Rudy: I talk to them about who bin Laden is, and we also talk about the people we know who died.
Oprah: Have you managed to maintain a solid relationship with your children in spite of the split?
Rudy: Oh, yes. I've missed only one of Andrew's football games, and that was on the first weekend after September 11.
Oprah: I don't know, Mayor—you might be Superman! You're trying to make it to all the funerals while still carrying on with daily business.
Rudy: No, I'm just very lucky. And my son plays early in the morning.

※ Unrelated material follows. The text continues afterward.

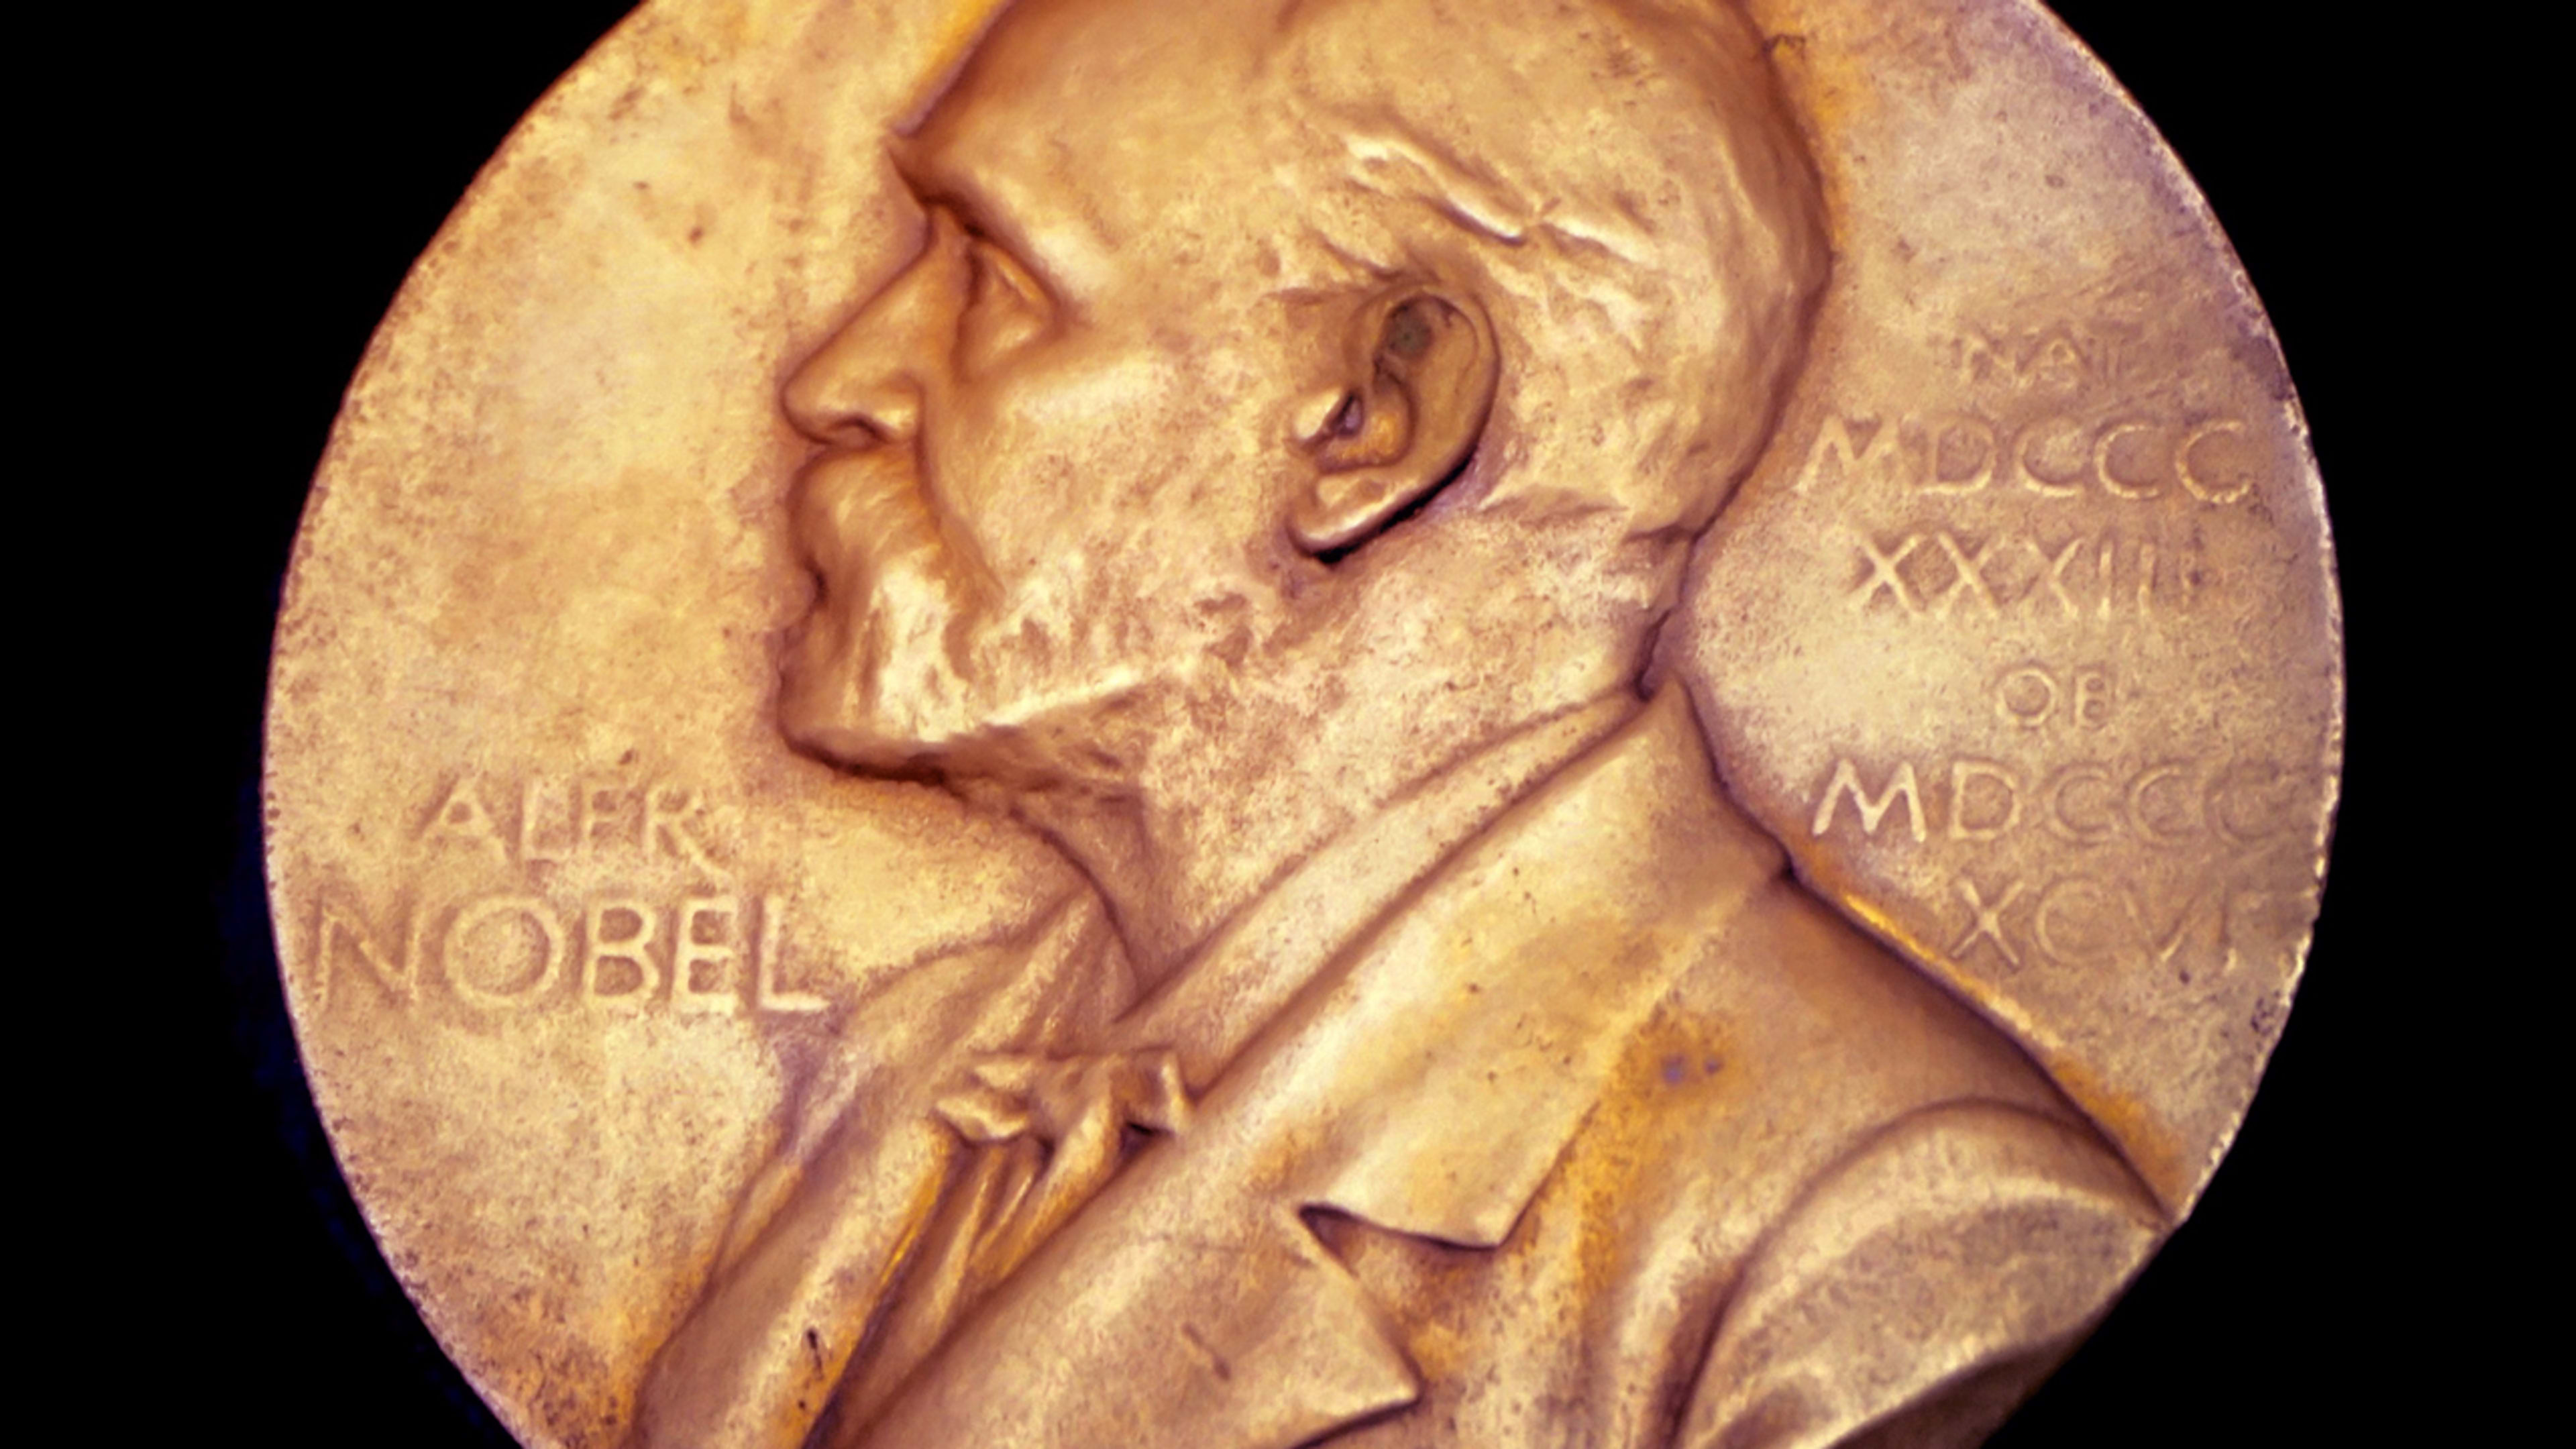 The Nobel Prize in literature isn’t happening this year
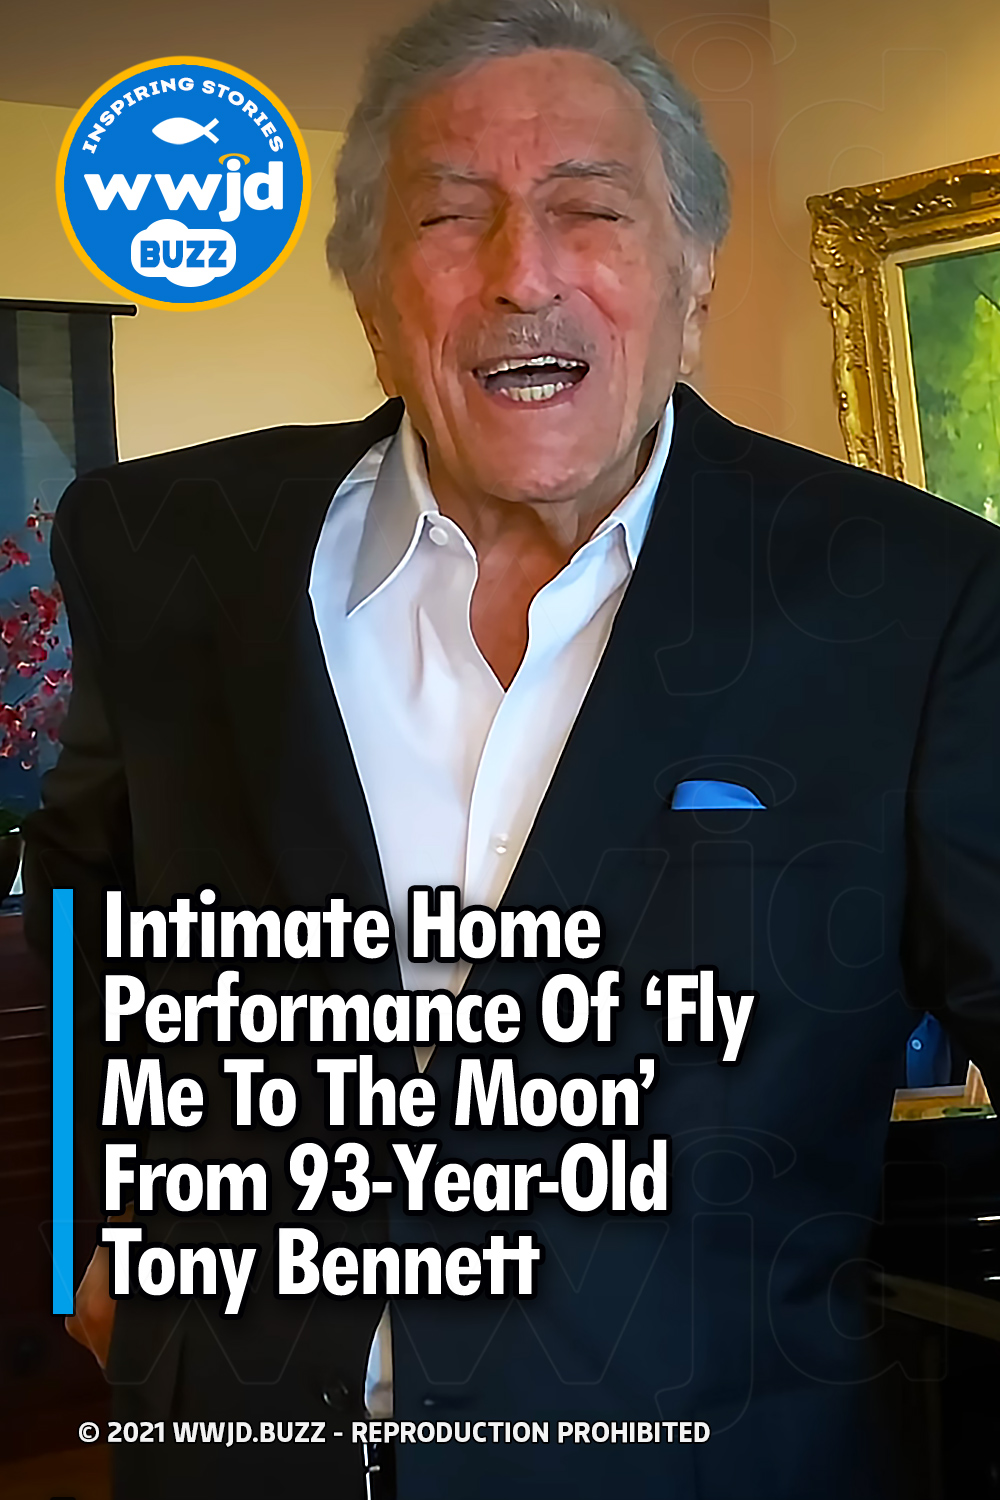 Intimate Home Performance Of ‘Fly Me To The Moon’ From 93-Year-Old Tony Bennett

Oprah: What has it meant for you to have Judith in your life during this time?
Rudy: It has been enormously important. She's been with me through two life-threatening experiences—prostate cancer and this. In some ways, cancer was more difficult to deal with because it was more personal. I didn't have a lot of people to share it with.
Oprah: Was your willingness to make your cancer diagnosis public part of telling the truth for yourself?
Rudy: Yes.
Oprah: And you didn't care what anybody thought.
Rudy: No. The only time I care what people think is when I believe I've been wrong. When I can say I've been too harsh or brushed something off, I will say I'm sorry.
Oprah: Do you wish there were things in your private life that weren't so public—like the separation and divorce?
Rudy: I wish all of that was private, and I wish I could have dealt with cancer privately. So I talk about it only when I absolutely have to. The only time the private parts of someone's life are relevant is when they're affecting public performance. And just because someone is a public person doesn't mean that any part of his or her private life is open to scrutiny. If someone is doing his or her job, you have to have enough empathy to understand that we all have personal problems.